Arriving off the bench to make his England debut, Arundell surged between two Wallabies defenders and raced around a third while switching the ball between hands in a moment that united athletic brilliance with rugby instinct.
Still only 19 years old, the London Irish wing has drawn comparisons with Bryan Habana, David Campese and Matt Giteau.
Clarke sees similarities with another great of the game in Jason Robinson – a dual code international who he played with and against – and one attribute above all others stands out.
“Henry is phenomenal. He’s got that combination of pace, power and a good instinctive rugby brain. He’s very, very strong with a low centre of gravity,” Clarke said.
“But the thing that impresses me most is his pick up from jogging to very quick in a very short space of time. If you look at his try, at best he’s jogging when he gets the ball….and then bang. He goes from producing not much force to loads of force very quickly.
“Top end speed isn’t that relevant in rugby apart from kick chases. It’s that pickup of very, very quick acceleration into evasion that gives you separation from other players. Henry’s got that.”
England began the series with Curry at openside but concussion ended his tour after the first Test and he has since returned home, taking with him the best engine in Eddie Jones’ squad.
“Particularly when he’s put a few games back to back, Curry will be at the front,” Clarke said.

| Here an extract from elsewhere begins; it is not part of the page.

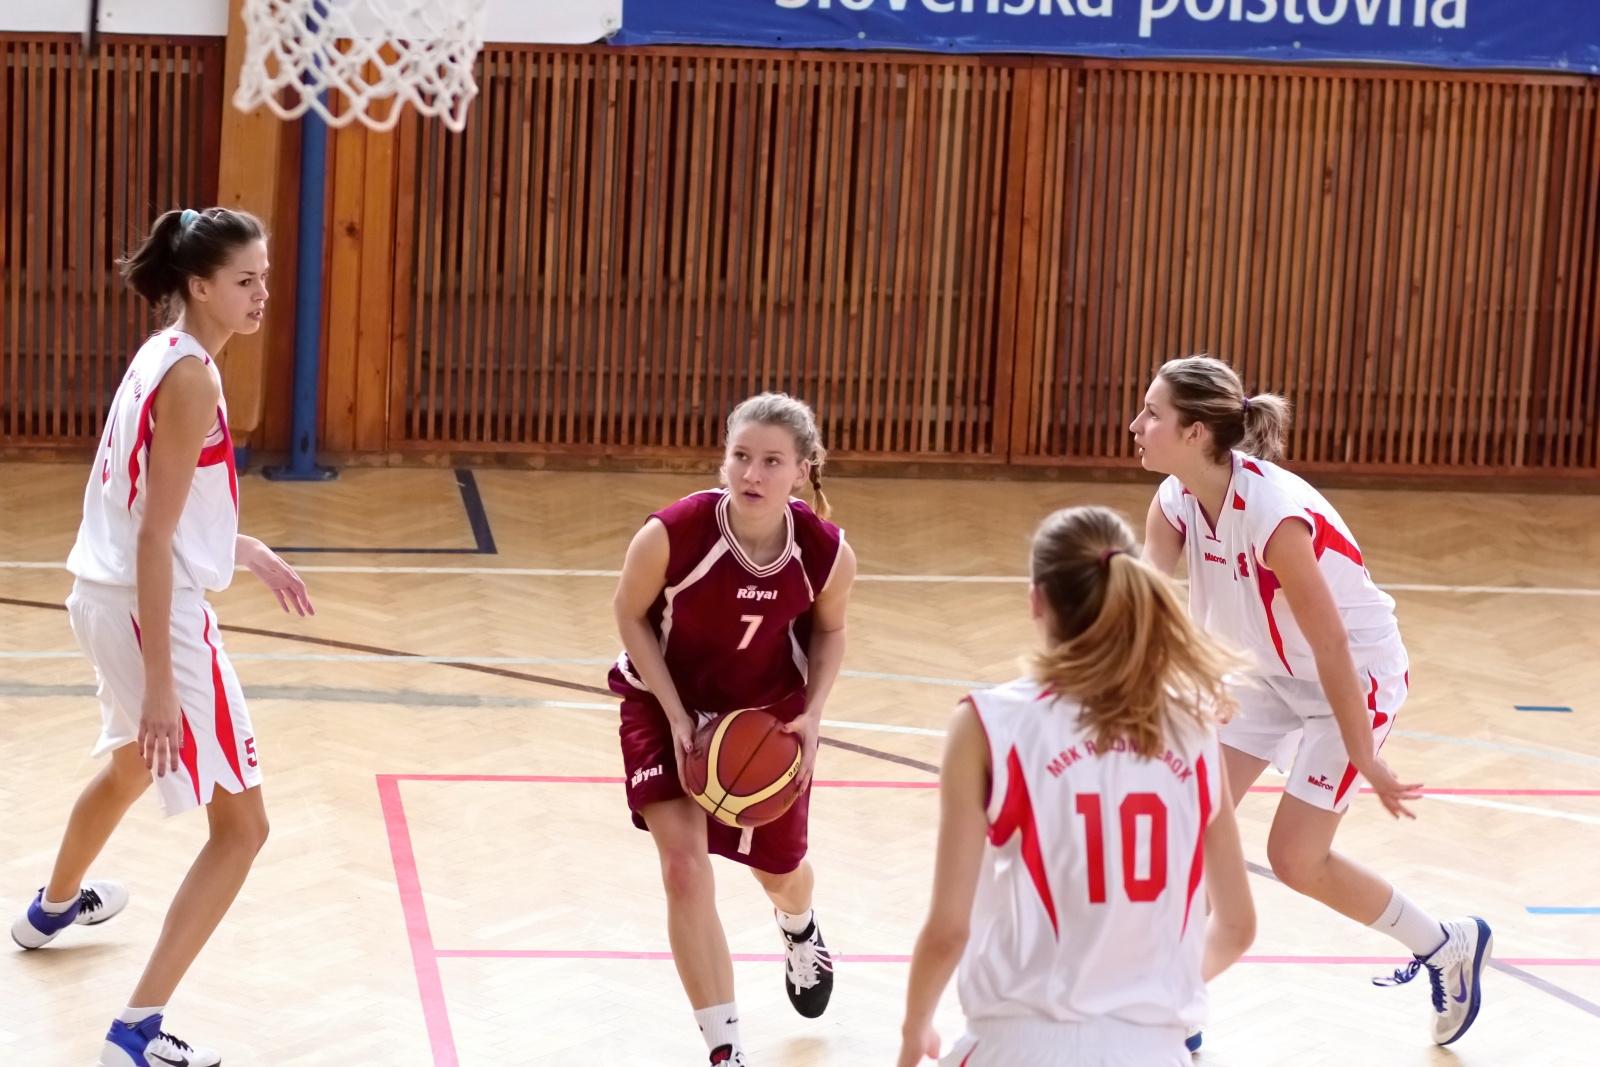 bk-zvolen-mbk-ruzomberok-juniorky-basketbal-5

“My personal belief with conditioning is that while it’s about capacity, there’s a psychology to it too. What place are you prepared to push yourself to in order to reach that level of fitness?
“Curry would be at top of that as well. He has the training capacity, but his psychology is also incredible. He’s a top, top athlete and also an unbelievable rugby player.
“He’s one of those players who sometimes you have to protect him from himself. You have have to tell him ‘you’re all right, go recover’ because he’s a ‘more guy’ and he’s so driven.
“That’s the art and science of coaching – you’ve got to know who to push, who to pull, who to protect and who needs a bit more.”
England’s integrated approach between strength and conditioning and rugby means Clarke’s role extends to providing Anthony Seibold with assistance in coaching the defence, particularly around ruck defence.
Players are prepared to peak twice each week – a smaller peak for the main training session on Wednesday and then match day itself – and Clarke’s department must “feed in positively to the rugby programme because the rugby is the be all and end all”.
Eventually the 43-year-old former Warrington hooker would like to become a dedicated defence coach, most likely after next year’s World Cup, but the immediate concern is getting the players “fit and strong” for Saturday’s series decider at Sydney Cricket Ground.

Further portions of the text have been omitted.